他試探了一句,周圍的幾個跟著小雞啄米似的點頭,看上去不像是皇帝來了,倒像是查課的先生老師、家中的冷肅嚴母,一個個反倒避之不及了。
殷璇雖不認為自己生得有多好,但也第一次受到這種待遇,更覺得詫異,她轉過眸光看了一眼晏遲,見她家卿卿微笑著注視過來,插了一句:「他們在我這兒待膩了,讓回去吧。」
殷璇雖然好奇,但並未追究,頷首道:「嗯,去吧。」
那邊打牌的幾個才鬆了一口氣,從內室的屏風帘子里出來,依次往外面走,正當東吾也跟著想悄悄溜走時,忽地被從後脖頸摁住衣領,輕鬆容易地拉了回來。

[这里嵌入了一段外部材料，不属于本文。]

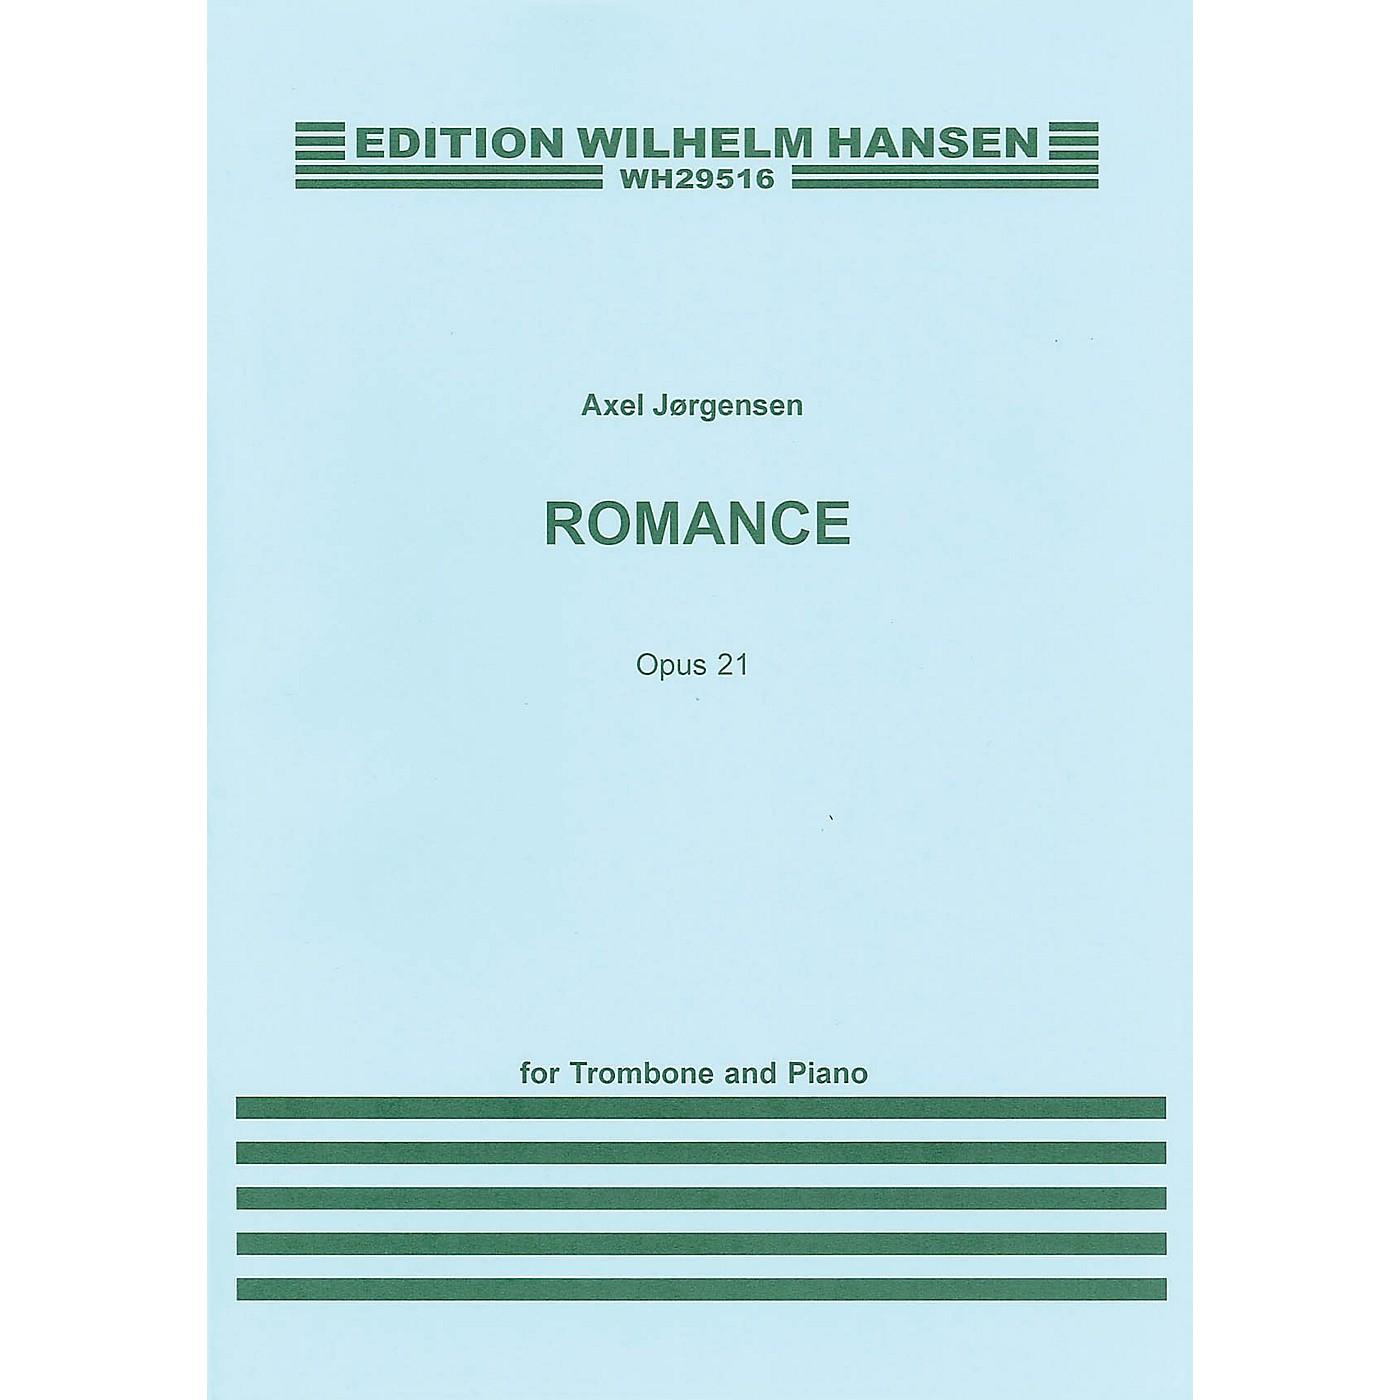 Wilhelm Hansen Romance Op. 21 (for Trombone and Piano) Music Sales America Series thumbnail

殷璇把這人拽回來,不咸不淡地看他一眼,道:「那邊有吃的,你在旁邊哄著煥兒。」
這哪是讓他哄孩子,這一定是將之前應如許那事摸了出來,才不讓走的。東吾心中明鏡一般,早知道這宮裡發生的一切都逃不過殷璇的耳目,只不過要區分早晚而已。
那已是兩個月以前的事情了,只是到現在才碰到他,讓這人把這樁舊事想起來了。
東吾被她拎回來,只能老老實實地坐在靠屏風的位置上,讓百歲把煥兒抱過來,將孩子摟在腿上。
民間說三翻六坐九爬,如今還不到六個月,殷煥已經能在腿上坐穩了。她膚色玉白,五官小巧精緻,眼眸烏黑滾圓,小小的手指捏著東吾鑲著一層軟絨的衣邊兒。
「……咿。」煥兒睜著眼看他。
東吾想起那日晏遲跟他生氣,板著臉逗孩子的樣子,便學著他晏哥哥,小聲說了一句:「沒有姨姨。」
煥兒眨了眨眼,好像有點疑惑為什麼沒有姨姨,她抓住東吾的手,然後又鬆開,在他懷裡往上夠了幾下,抓住了他微卷的棕色長髮。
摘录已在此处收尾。